But realistically, it really doesn't matter in more than 3/4 of the country, due to how the Electoral College works. If your preferred candidate lost by more than all third party votes combined, there's zero way your vote could've changed anything.

And that's the situation I live in. My state (Utah) almost always gives 65%+ of the vote to the R candidate. In 2016, Trump won w/ only 45% of the vote, but that's because the other 20% or so went to Evan McMullin (Hilary got ~27% of the vote). I even tried voting Biden in 2020 because I figured people hated Trump enough (he got dead last in the primary here in 2016, below candidates that had already withdrawn), and I guess I helped because Trump only got 58% of the vote to Biden's 38%. Excluding McMullin (basically a conservative), third parties got 5.5% in 2016 and 4.2% in 2020. I'd be very surprised if Trump gets less than 60% of the vote this election.

It really doesn't matter who I vote for, so I make my vote count by voting third party. If they get enough votes, people will take them more seriously and politicians might take some of their policy positions.

[–] agamemnonymous@sh.itjust.works 4 points 2 months ago (1 children)

If they get enough votes, people will take them more seriously and politicians might take some of their policy positions.

Eh, the best way to be taken seriously is relevant experience. Flight simulator enthusiasts don't immediately become fighter pilots, frycooks don't immediately become Michelin star Chefs, nurses don't immediately become neurosurgeons.

President is a high level job with high complexity and high skill requirements. When a candidate's highest office held is "community organizer", that's not a serious candidate and their policy positions don't carry any credibility.

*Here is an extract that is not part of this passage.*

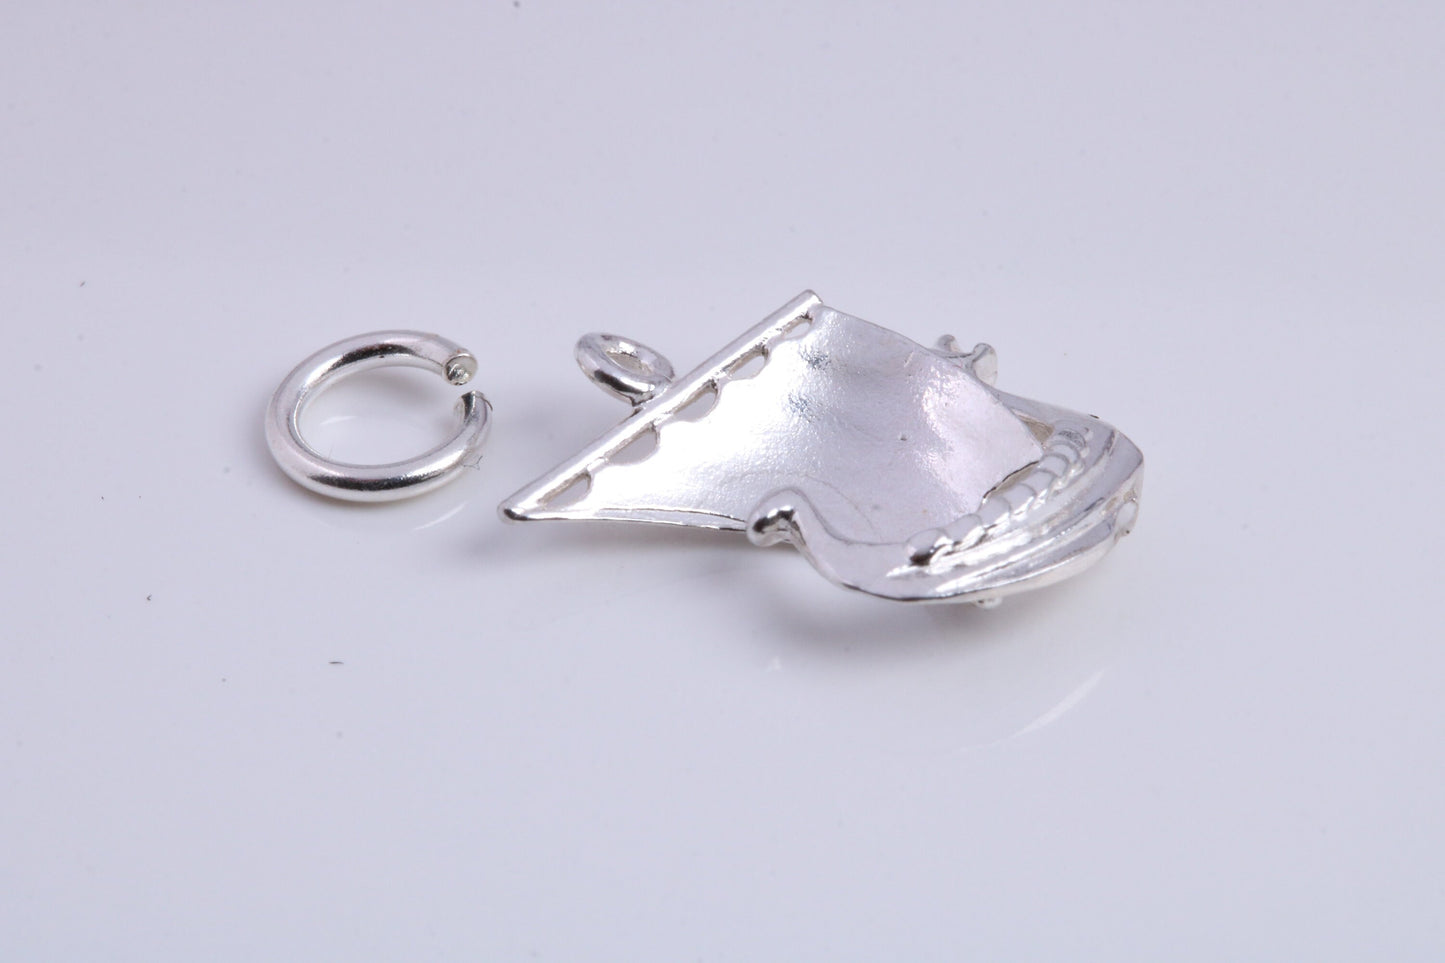 Viking Boat Charm, Traditional Charm, Made from Solid 925 Grade Sterling Silver, Complete with Attachment Link

I'm absolutely for progressive policy, I just didn't think voting 3rd party in the presidential election helps, even in shifting sentiment. What will help is relentlessly voting for progressive down ballot and locally. Get those community organizers into real political offices where they can build real experience and forward real policy.

Politics is a long game, trying to skip the middle stages is shooting yourself in the foot.

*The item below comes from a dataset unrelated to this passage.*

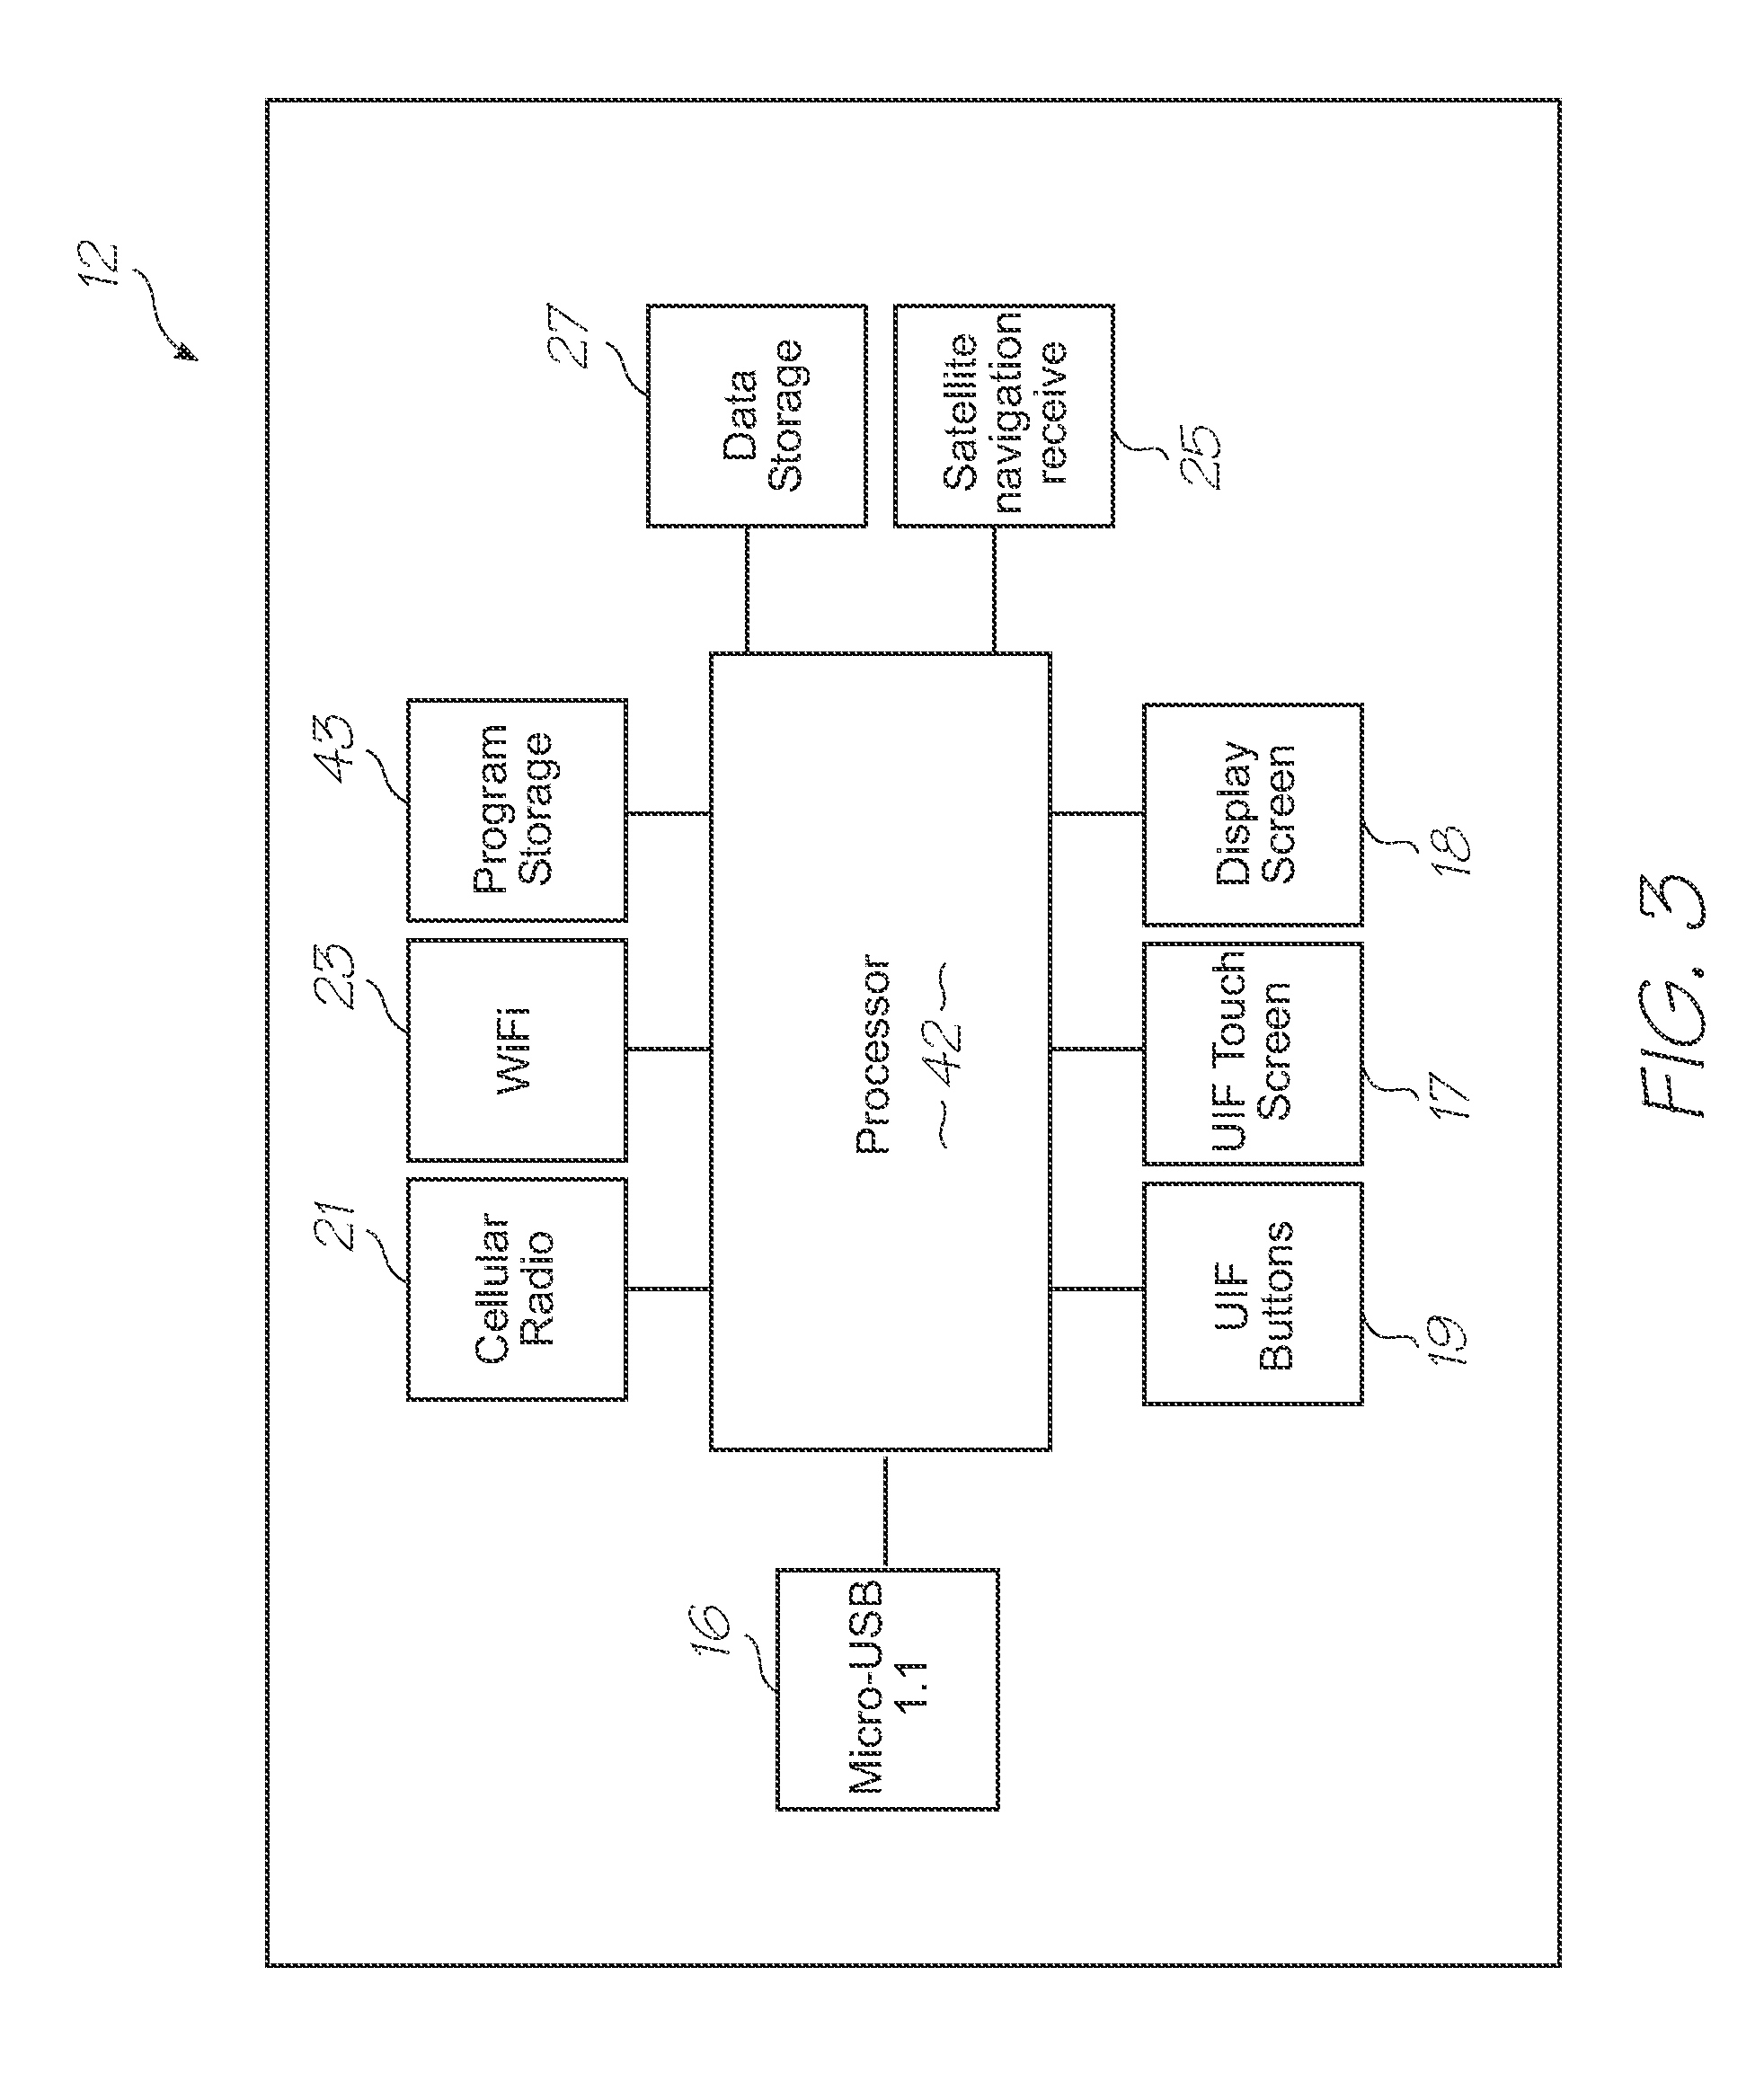 Loc device with parallel nucleic acid amplification functionality

[–] sugar_in_your_tea@sh.itjust.works 0 points 2 months ago (1 children)

Oh absolutely. But you only get so many options for each position, so it's best to maximize the utility of each of those votes.

In my case, pretty much every office will go to the GOP by a 20%+ margin. We used to have a competitive House district, but they gerrymandered that away and now every House seat is uncompetitive. In fact, many seats have no competition at all (my State House rep seat hasn't been contested since I moved here, and the State Senate seat has been contested once). So I leave those uncontested seats empty or write-in (if write-in is an option), and I vote for the best candidate for the job for the other seats. What ends up happening is that my ballot looks something like this:

  • 50% - biggest third party
  • 25% - Democrat - occasionally a decent candidate runs

The rest are uncontested (e.g. State House) or non-partisan seats (e.g. school board).

And yes, it's a long game, hence why I refuse to vote for the lesser of two evils when that lesser evil has zero chance to win.

[–] agamemnonymous@sh.itjust.works 2 points 2 months ago (1 children)

I wouldn normally agree with you, but I think there are several red states that could be a lot more competitive this year.

Sure, I know Texas could be more competitive, and there may be others. That's why I point out the vote spread, if it's bigger than 10% in the past few elections, it's not going to flip this year.